**WHAT IS EXPECTED**. Transcribe the lines below exactly. No image belongs in the transcription.

**RECORDED DATA**.
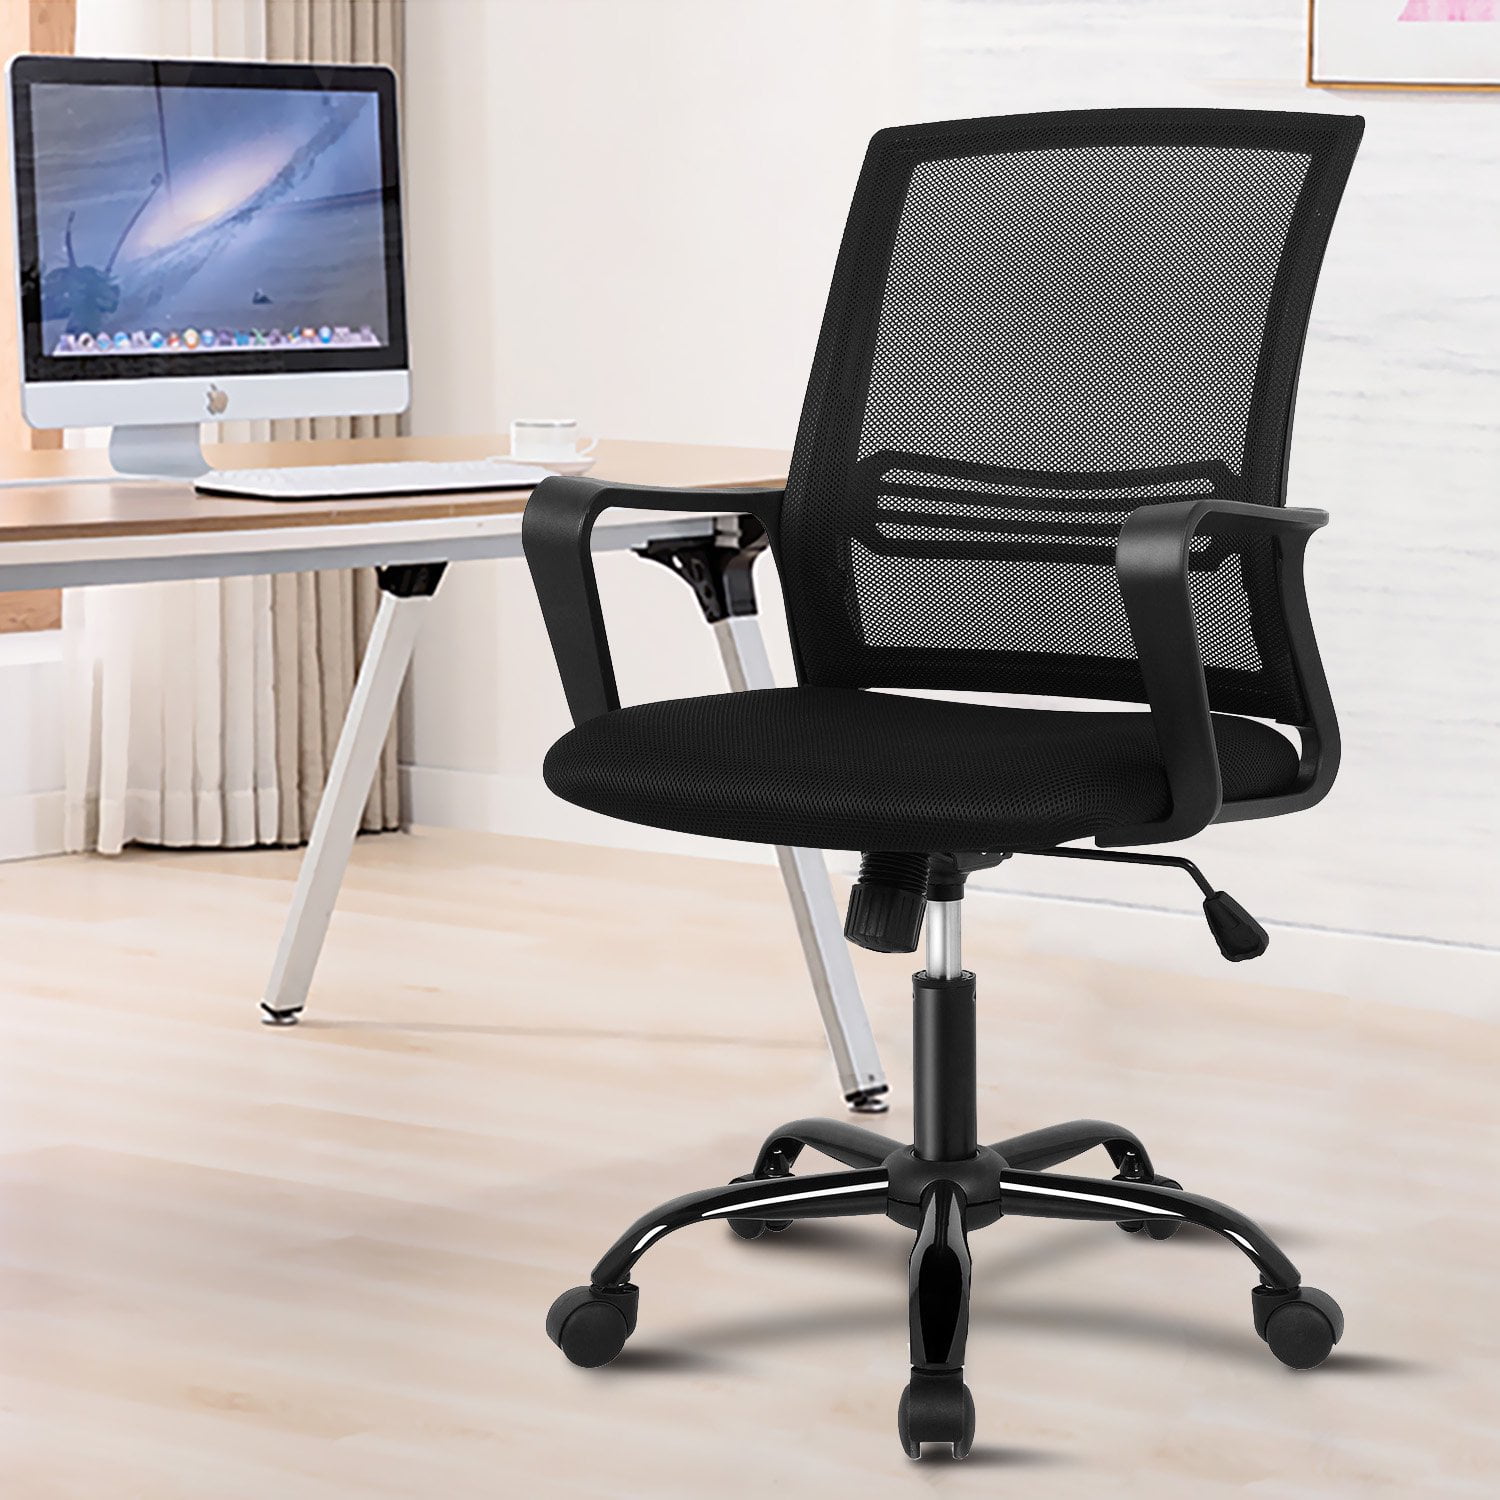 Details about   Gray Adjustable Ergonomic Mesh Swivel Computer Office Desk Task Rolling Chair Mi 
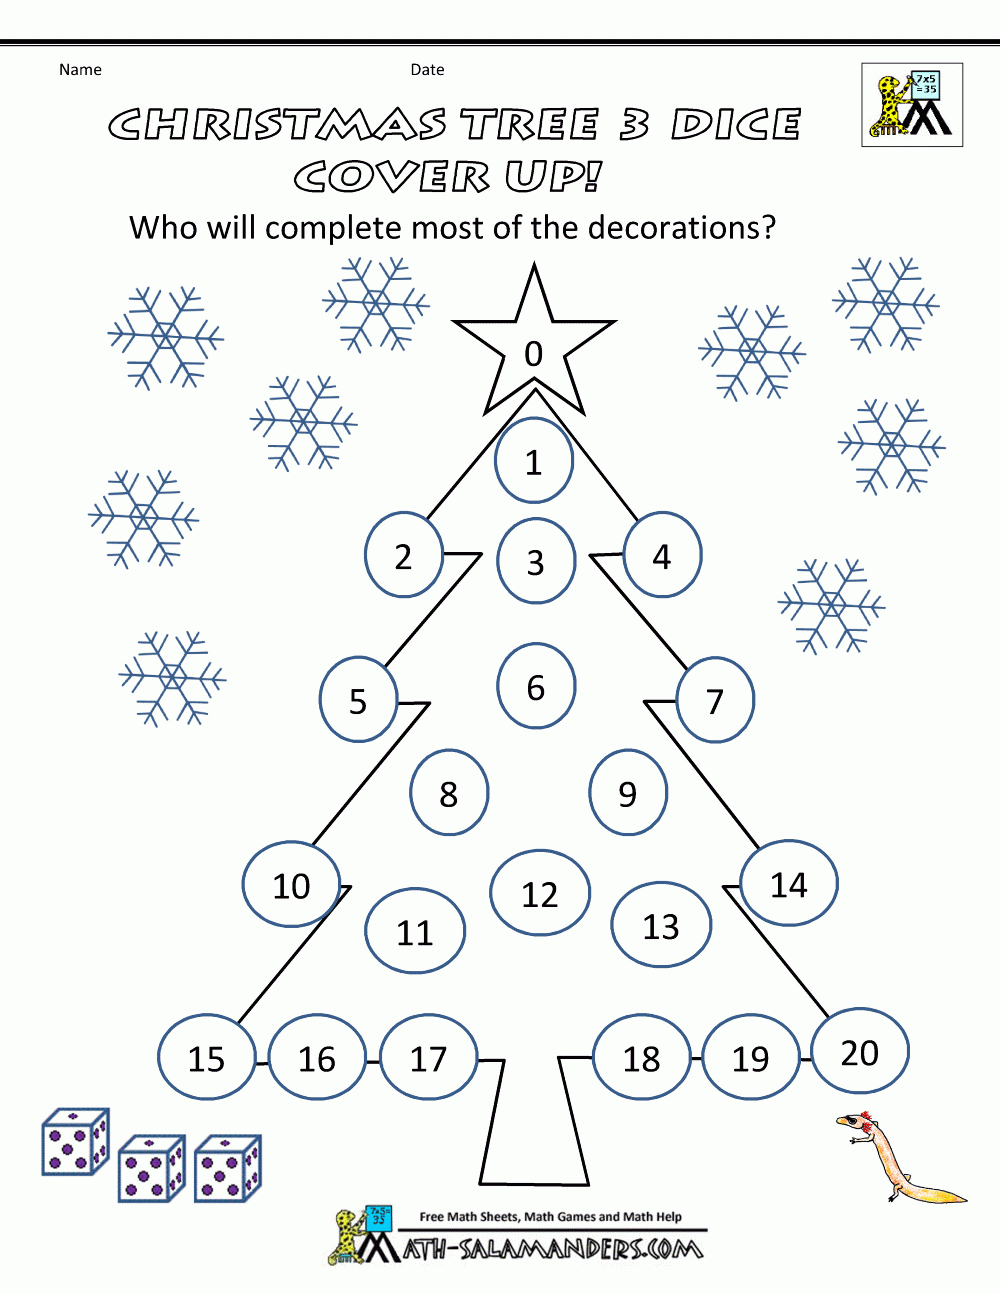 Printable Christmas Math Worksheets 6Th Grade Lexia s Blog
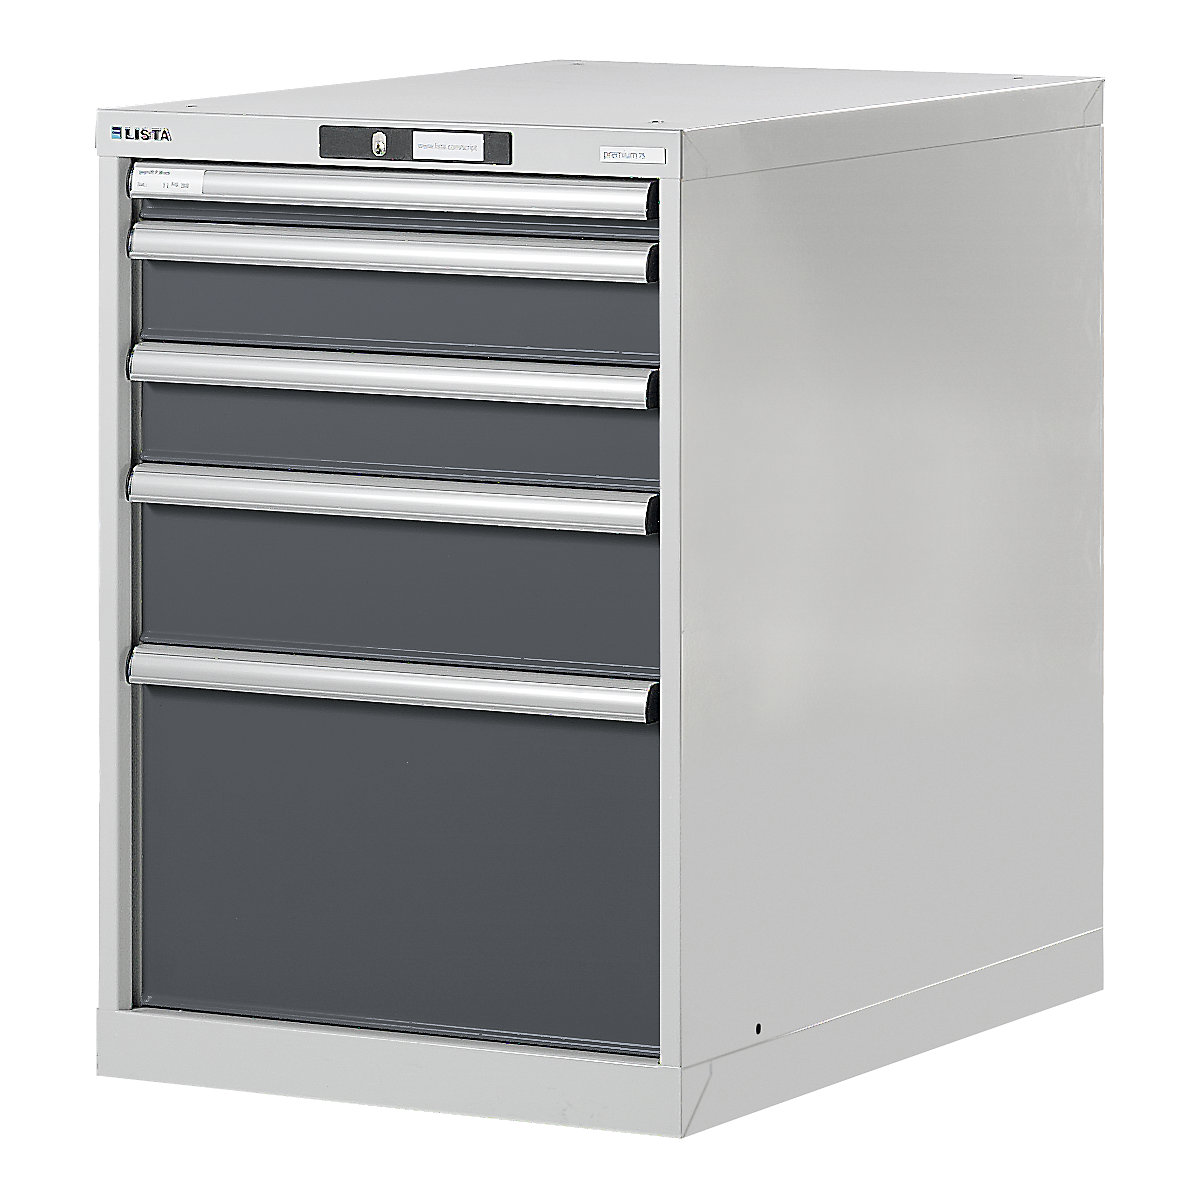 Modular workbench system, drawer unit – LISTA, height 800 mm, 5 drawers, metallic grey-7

**WRITTEN REPLY**.
 Details about   Gray Adjustable Ergonomic Mesh Swivel Computer Office Desk Task Rolling Chair Mi 
 Printable Christmas Math Worksheets 6Th Grade Lexia s Blog
 Modular workbench system, drawer unit – LISTA, height 800 mm, 5 drawers, metallic grey-7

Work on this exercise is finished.